Fitness
We see children with suicidal ideation every day, says Temple Street doctor
Dr Elizabeth Barrett said that in the past, as a trainee doctor in paediatrics, she would see one or two children a week presenting to the emergency department who had self-harmed or were suffering with suicidal ideation.
“And now we’ll typically have children every day presenting with suicidal ideation and self-harm. For example, in the last Central Statistics Office figures, suicide was the number one cause of death of people under 25 in Ireland, which is a really stark figure,” she said.
“And again for anxiety, similarly, I work with children across the hospital from a range of medical specialities as a liaison psychiatrist and anxiety in its various shapes and forms is the number one cause of referral of paediatric patients to our liaison team in Temple Street.
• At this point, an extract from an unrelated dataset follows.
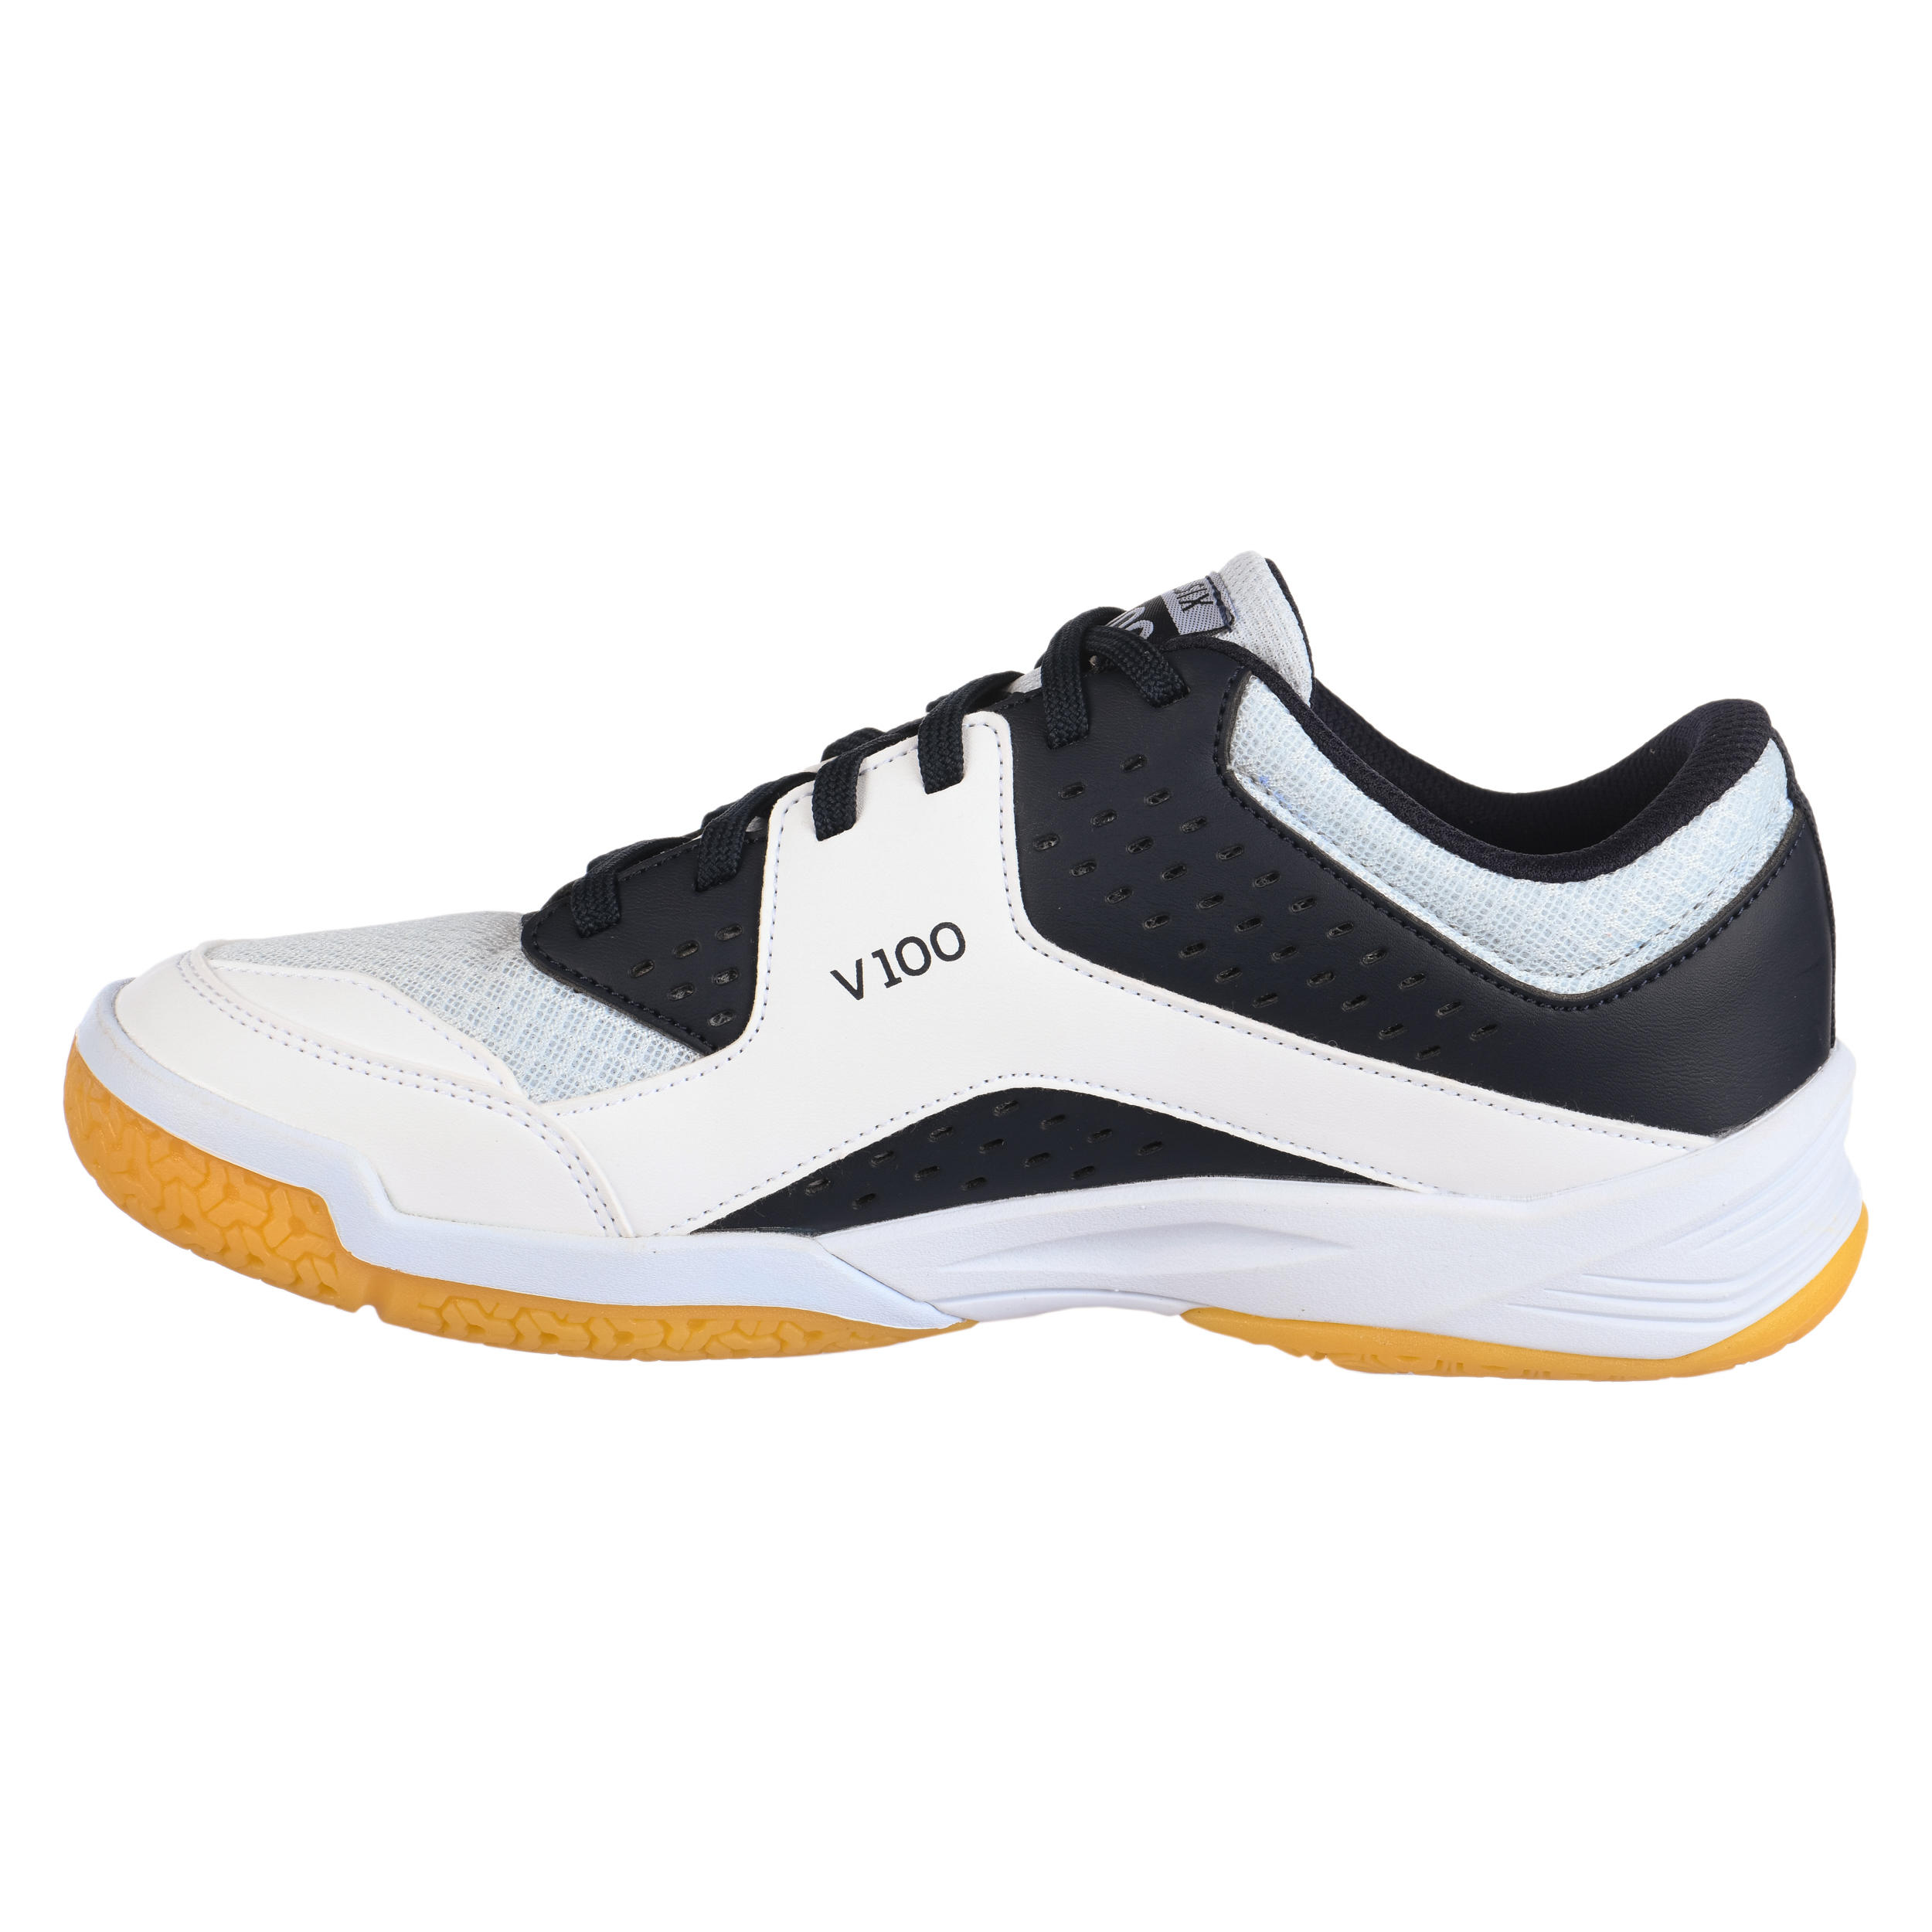 Women's Volleyball Shoes V100 - White/Blue/Grey 9/9

So anxiety is also a very, very significant problem for children and adolescents.”
Dr Barrett was speaking to Dr Afif El-Khuffash, a neonatologist and paediatrician in the Rotunda who presents The Baby Tribe podcast.
She said there is a lot of research going into the drivers of these issues. She described how mild anxiety is a common part of life and “there would be basic psychological supports for young people who are experiencing what might be anxiety in the very normal realm”.
However, where anxiety is well established and getting in the way of everyday life, it could meet the criteria for an anxiety disorder and a person will need more specialist help. Asked about advice to parents, she said it is important to distinguish normal feelings of anxiety from the more serious.
“We know that children find normally stressful situations like schools, stressors, exams and normal adolescent expectations to be stressful.
“They experience all of those physical and psychological experiences that happen as part of anxiety. We very much have to normalise or certainly not pathologise what is a normal experience.”
Managing normal levels of anxiety can be helped by exercise, having a routine, having a diet that promotes good mental health and having good anxiety management techniques, she said.
But if anxiety is getting in the way of everyday life and may involve obsessive compulsive disorder, more specific intervention is needed, she added.
“Unfortunately in Ireland now, the Child and Adolescent Mental Health Service are so under-resourced that with the best will in the world, sometimes people wait quite a long time on a waiting list and when they get to treatment, normally treatment is very good,” she said. “It’s usually a combination of psychological approaches and perhaps things like cognitive behavioural therapy.
“Around 10 to 20pc of children will need to access mental health supports but 0.6pc of the health budget goes to children’s mental health… it’s such a missed opportunity in terms of preventing long-term morbidity for children and for families.”